Não pude competir nas outras 5 edições, seja por estar em Fortaleza, lesionada ou fora de forma. Na 5º, fui como treino, fazendo os 3,9 Km em 19:02. Tinha prometido a mim mesma que na próxima iria para valer, para fazer para uns 16/17 min.

Ao contrário da vez passada, fiz minha inscrição pela Internet e não na hora com medo de que esgotasse, já que quase não há corridas nessa época do ano e provavelmente encheria.

No dia, acabei saindo de casa para me aquecer um pouco mais tarde do que gostaria, às 7:25 e não às 7:15. Fui trotando até o Portão 17 do Célio de Barros, peguei meu número e dei mais uma volta em trote. Depois foi só conversar um pouco com os amigos e com o presidente da FARJ, Carlos Alberto Lancetta, que estava contando várias estórias interessantes do atletismo carioca.

Realmente deu bastante gente. Tinha mais de 300 pessoas no local. Isso é muito bom para espalhar a todos os corredores o descaso com o atletismo carioca. Tem muita gente que corre que desconhece o problema.

A largada atrasou uns 10 min. Logo de início tive que driblar umas pessoas que saem na frente para trotar e saí forte. Até demais. Passei quase toda a primeira volta abaixo de 4:10 por Km. Me excedi, pois na segunda volta não consegui manter o mesmo ritmo. O Gilson foi junto comigo quase o tempo todo. Acabou que terminei os 3,9 Km em 17:07, resultado dentro do esperado. Poderia ter sido melhor se tivesse saído um pouco mais devagar. São 3,9 Km para quem corre na pista o tempo todo e passa direitinho atrás do Museu do Índio. Se cortar caminho na curva ou pelo parque aquático, dá menos.

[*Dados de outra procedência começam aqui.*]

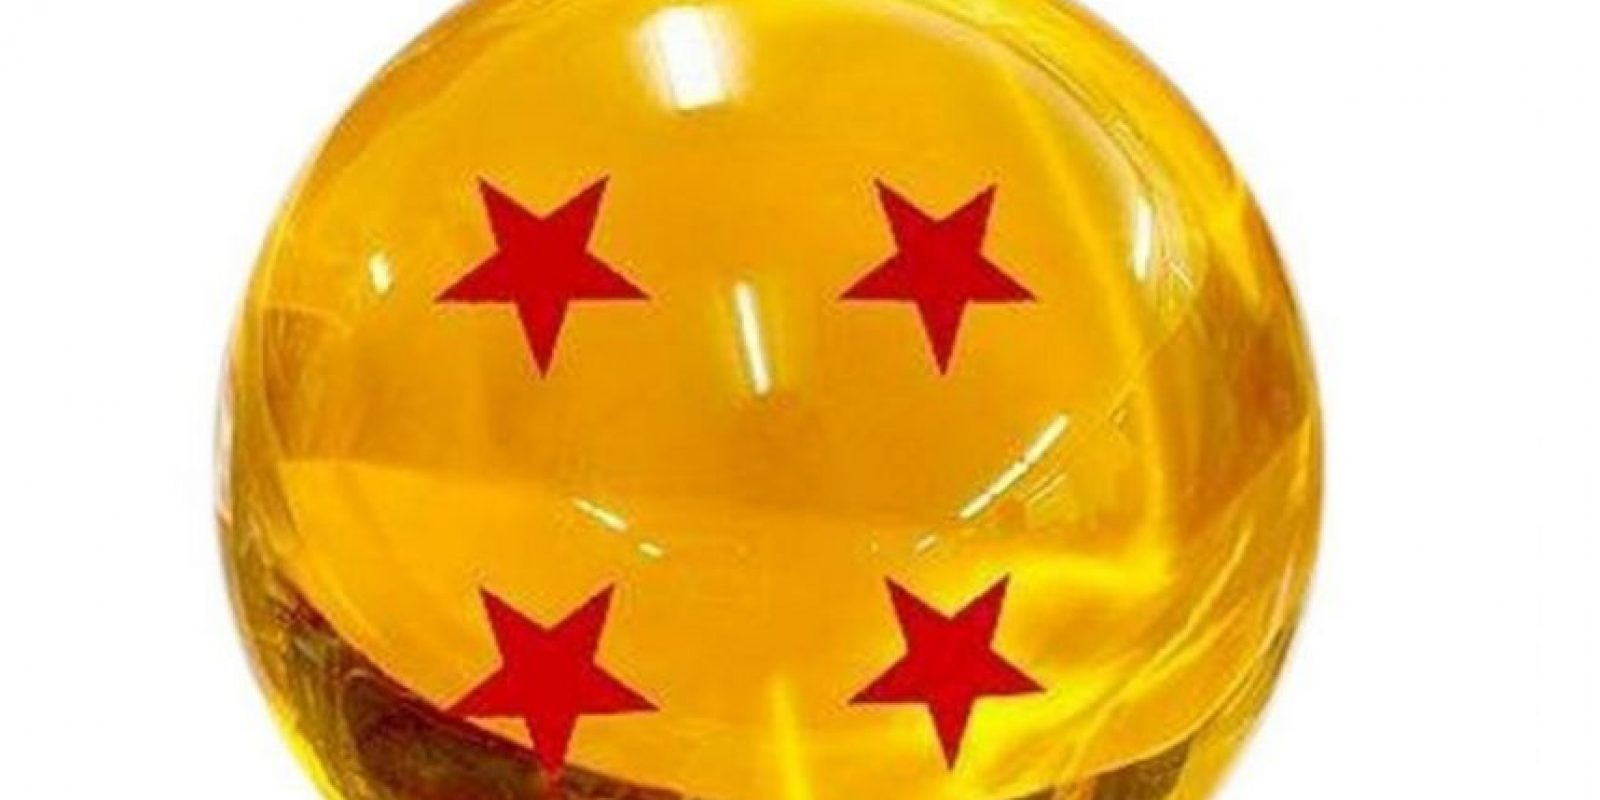 Son siete esferas mágicas de cristal en el manga y anime de Akira Toriyama Foto:Linio/Bandai

Depois, comi bastante banana e abacaxi. E tirei muitas fotos com os amigos. Pedi também a Edneida para me inscrever na Copa Rio de Cross Country. Meu desempenho nessa corrida não me permitirá dar vexame entre os atletas federados se no dia der tudo certo.

Não se sabe ao certo a data da próxima edição. Só não dá muito para ficar escolhendo data por causa das outras corridas porque todo domingo vai ter corrida grande depois de março. Para competir em pé de igualdade, talvez devessem tentar algum patrocínio para manter o mesmo preço e fazer um estrutura maior, fechando a rua, percurso maior, com pórtico de largada mais pomposo, camiseta, medalha mais sofisticada, etc.

Depois de muito papo voltei para a casa e cometi um grande erro: pedi para minha mãe fazer sua deliciosa lasanha de pão árabe. Isso não seria problema se no dia 20 não tivesse que correr a Corrida de São Sebastião.